TRY IT = Every picture should be left out, but the lines below must be repeated exactly.

DATA =
=== Section Start ===

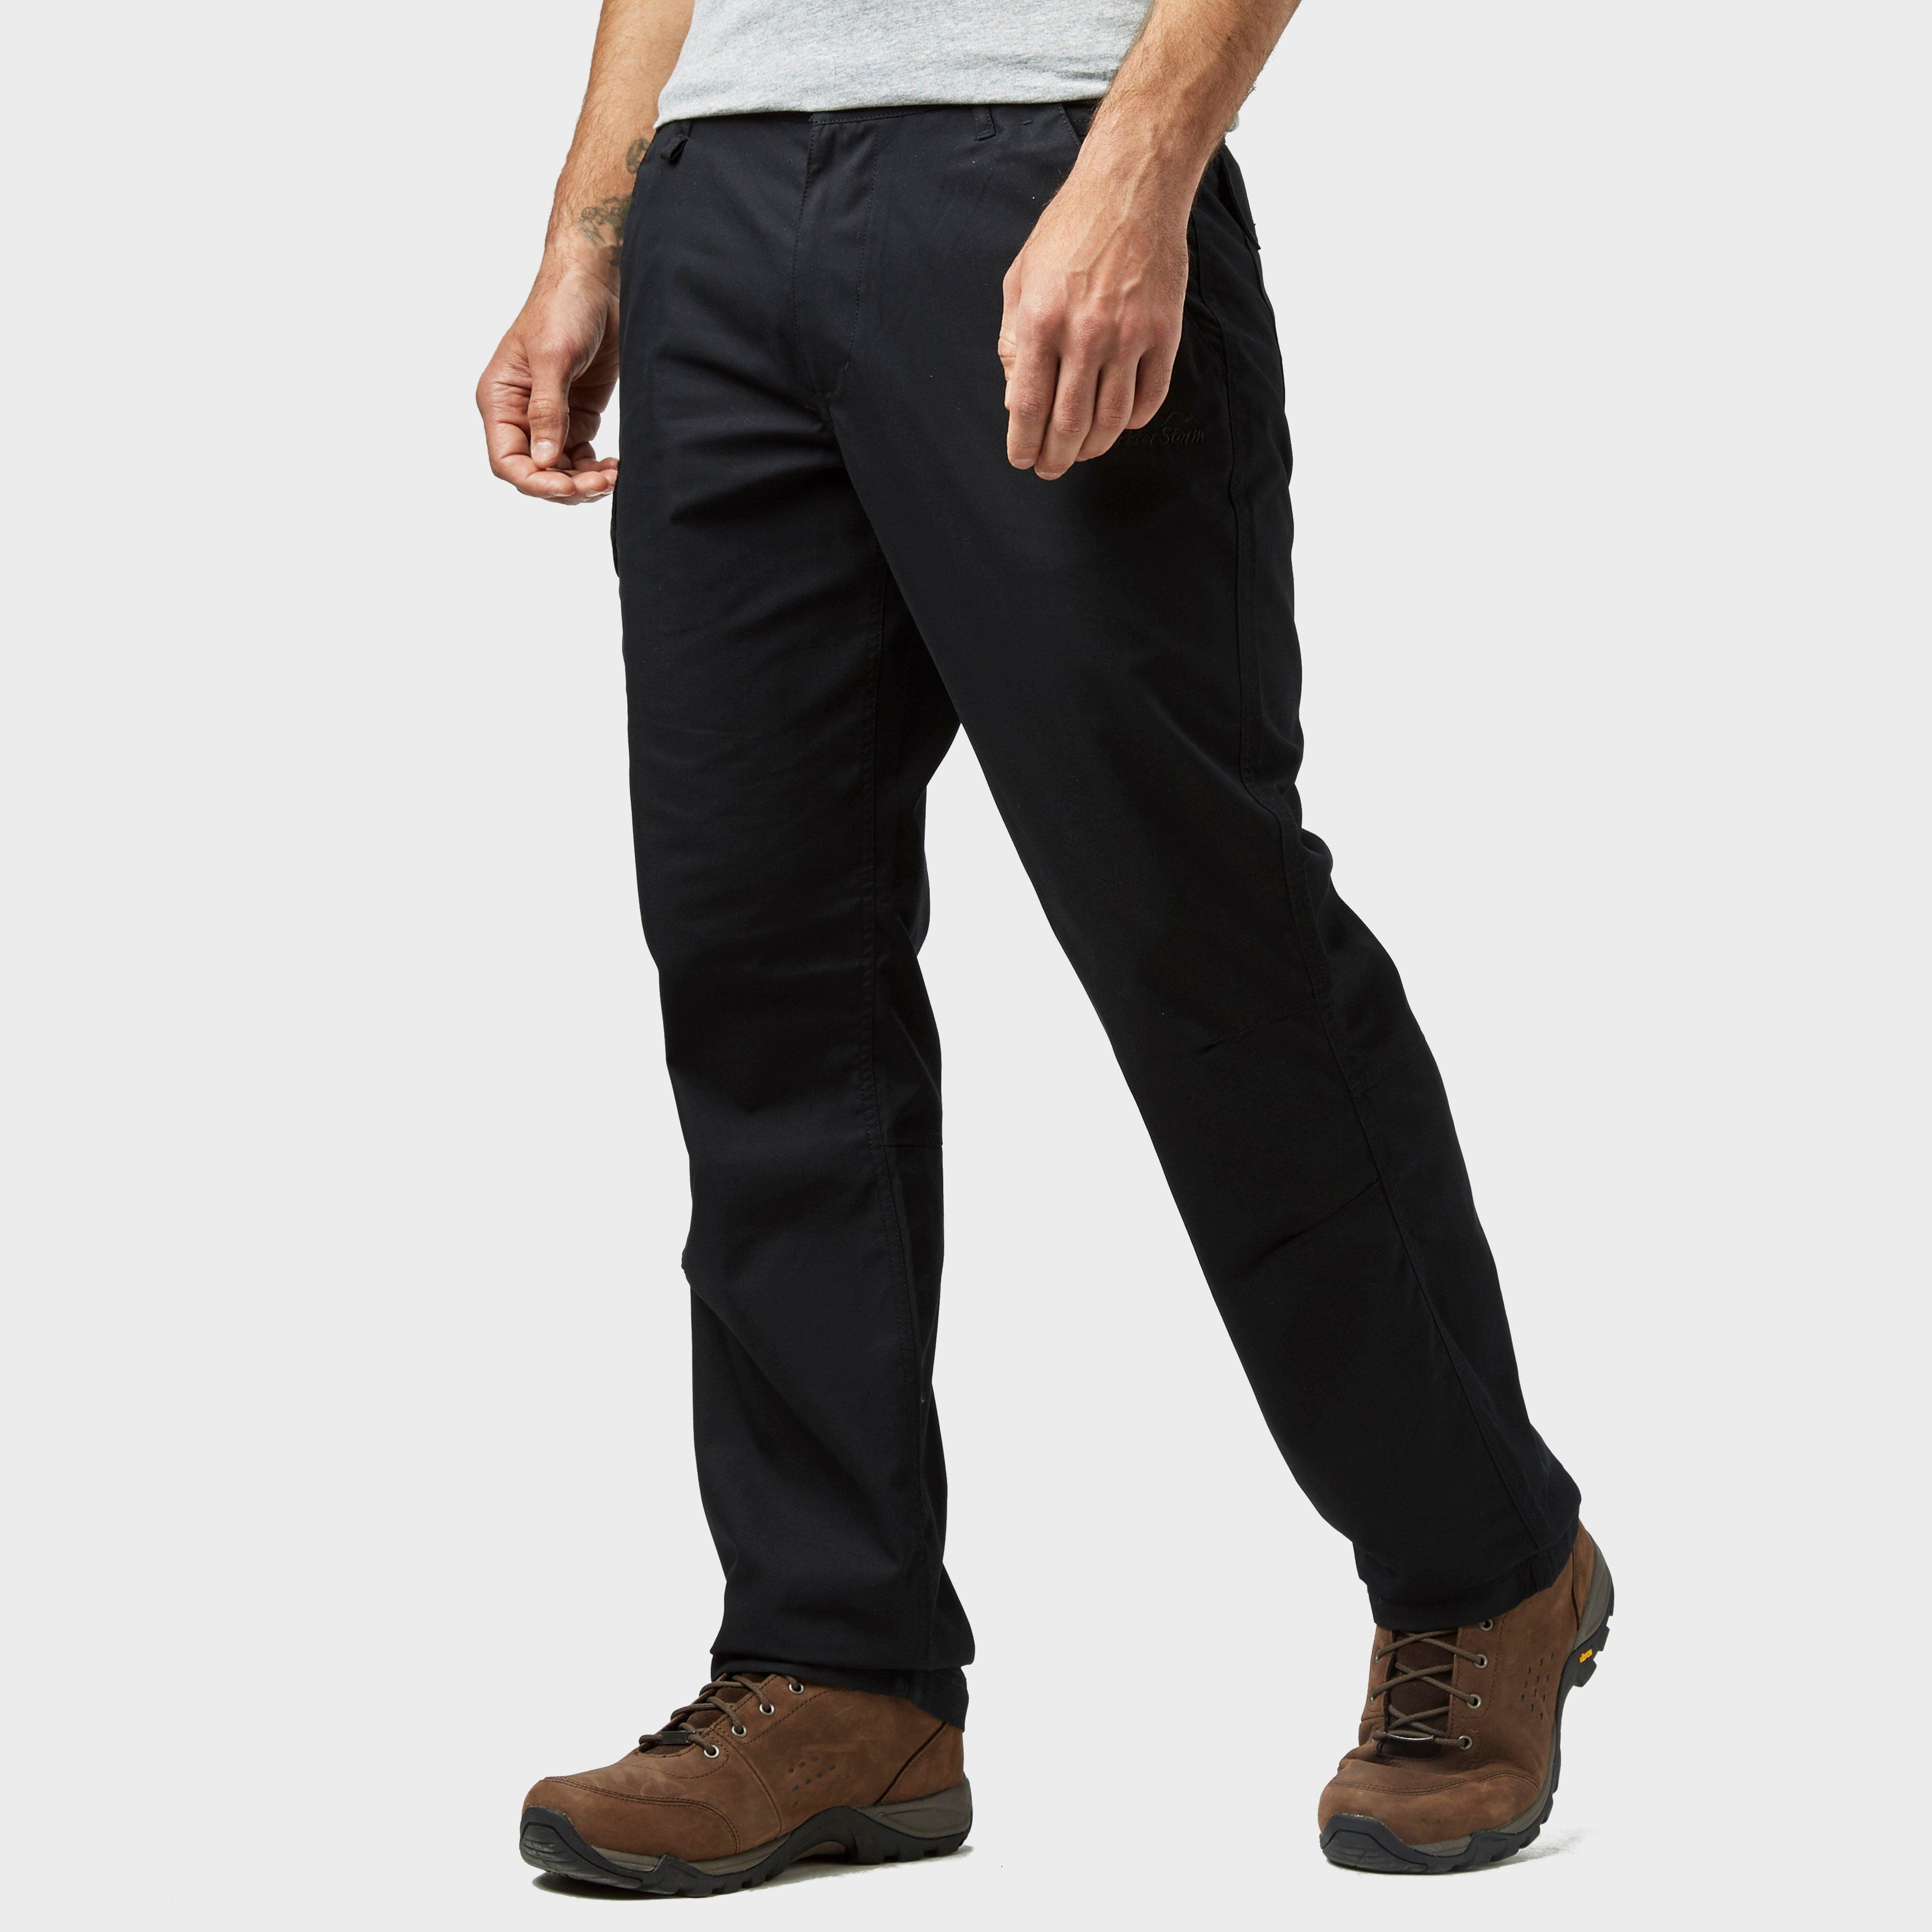 PETER STORM Men's Ramble II Trousers
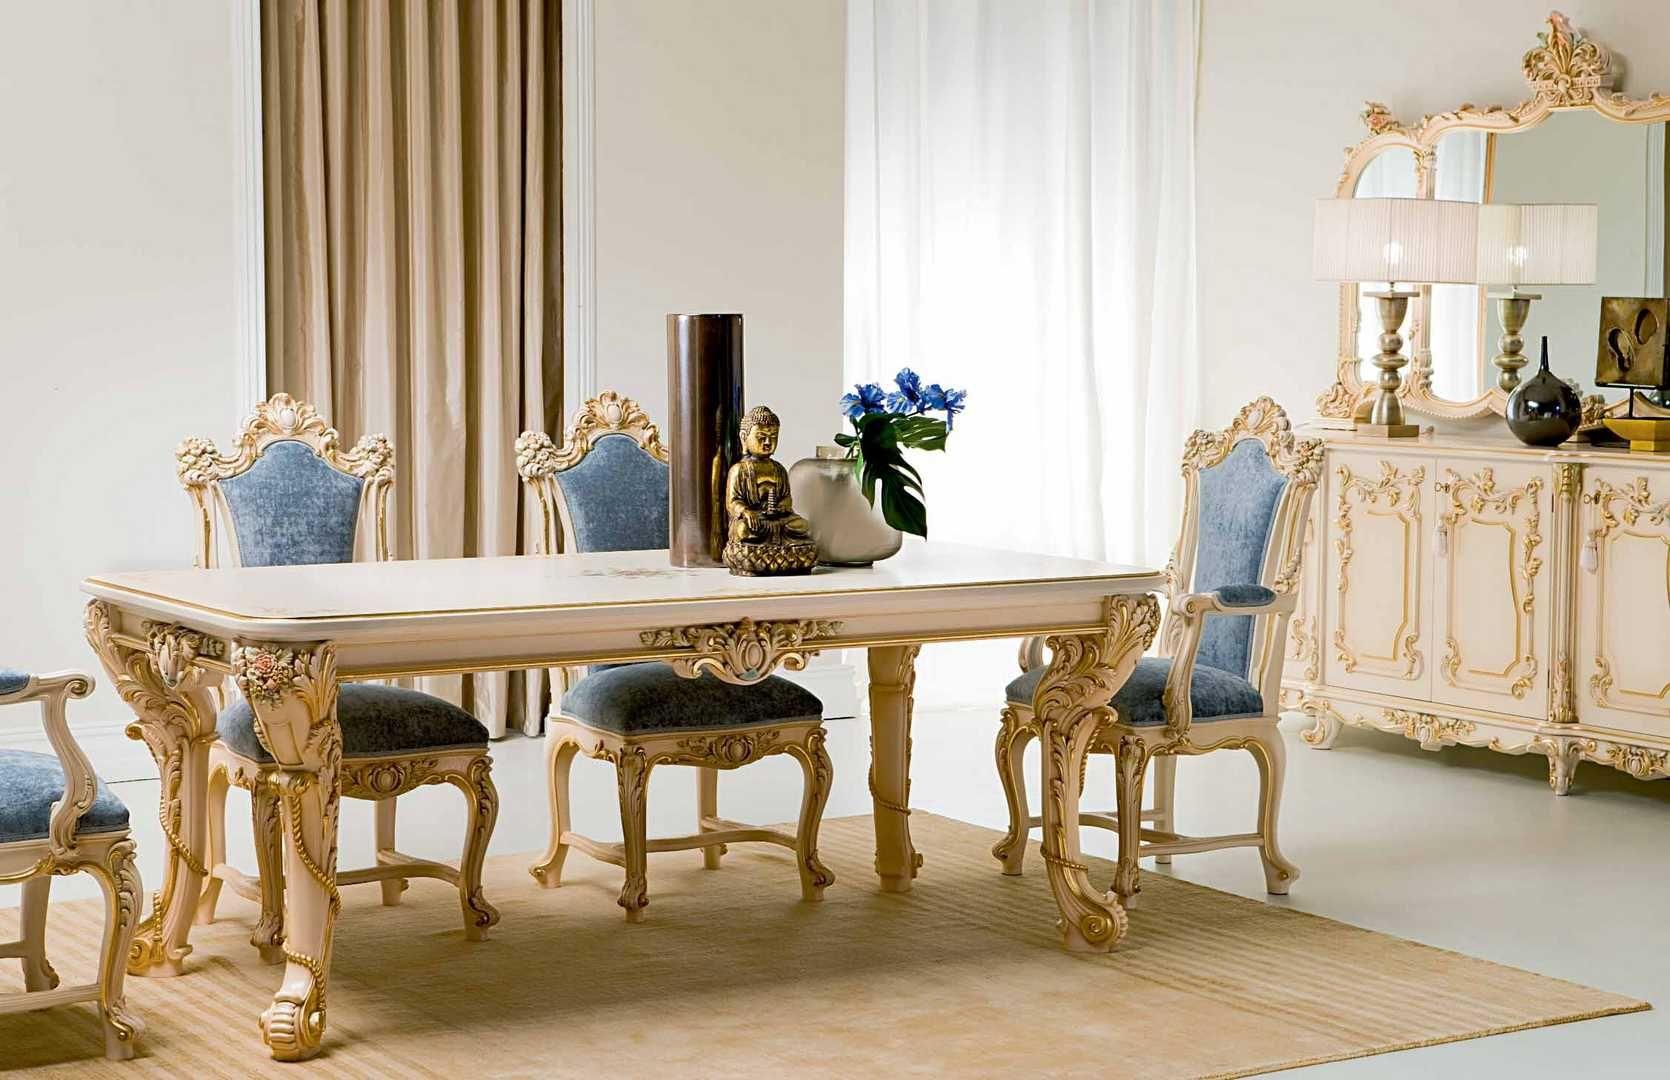 furniture in italian. Furniture In Italian. Luxury+italian+furniture | Home Italian Furnitures Alexandra Mondital Luxury
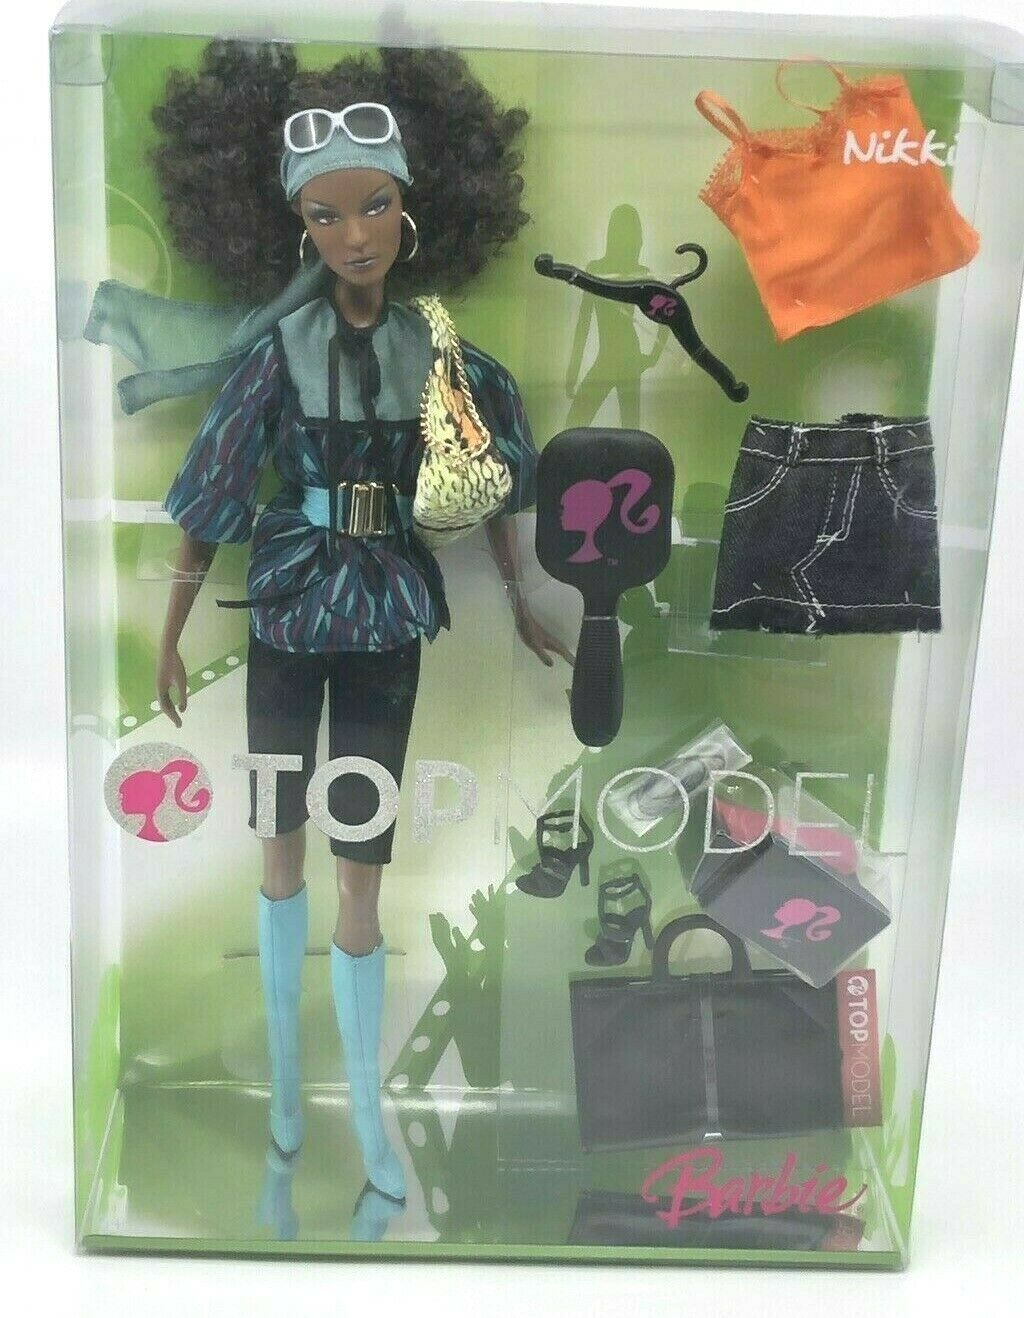 MATTEL Barbie Dreamhouse avventura Afro Nikki Doll-Libero /& veloce SHIPP
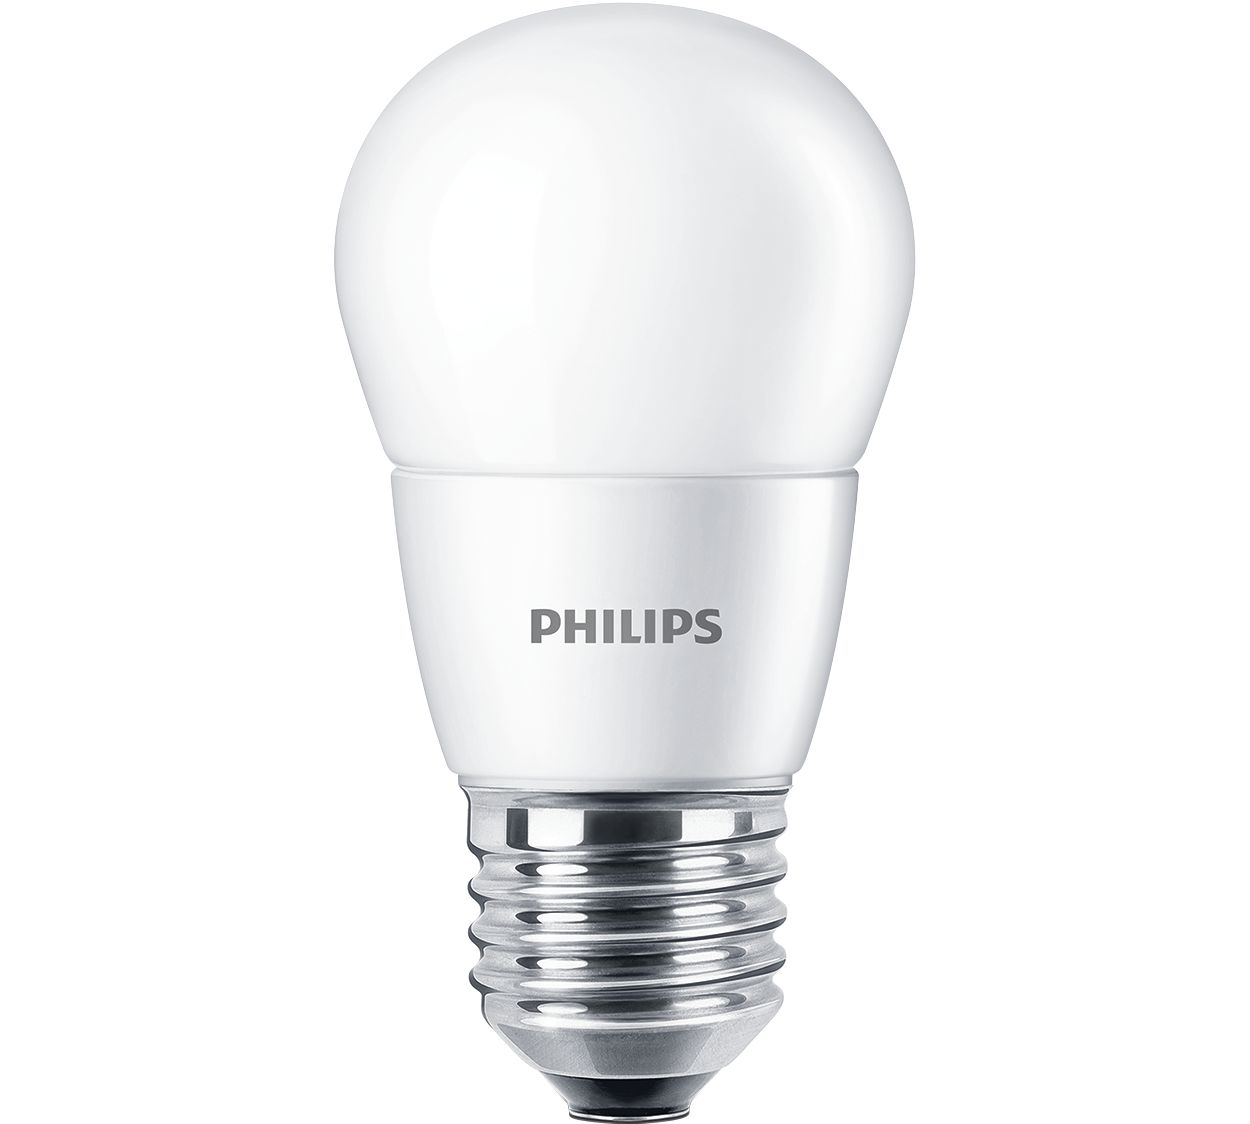 Philips - Lampadina a LED - Corelus40840

=== Section End ===

PROBLEM SOLUTION =
 PETER STORM Men's Ramble II Trousers
 furniture in italian. Furniture In Italian. Luxury+italian+furniture | Home Italian Furnitures Alexandra Mondital Luxury
 MATTEL Barbie Dreamhouse avventura Afro Nikki Doll-Libero /& veloce SHIPP
 Philips - Lampadina a LED - Corelus40840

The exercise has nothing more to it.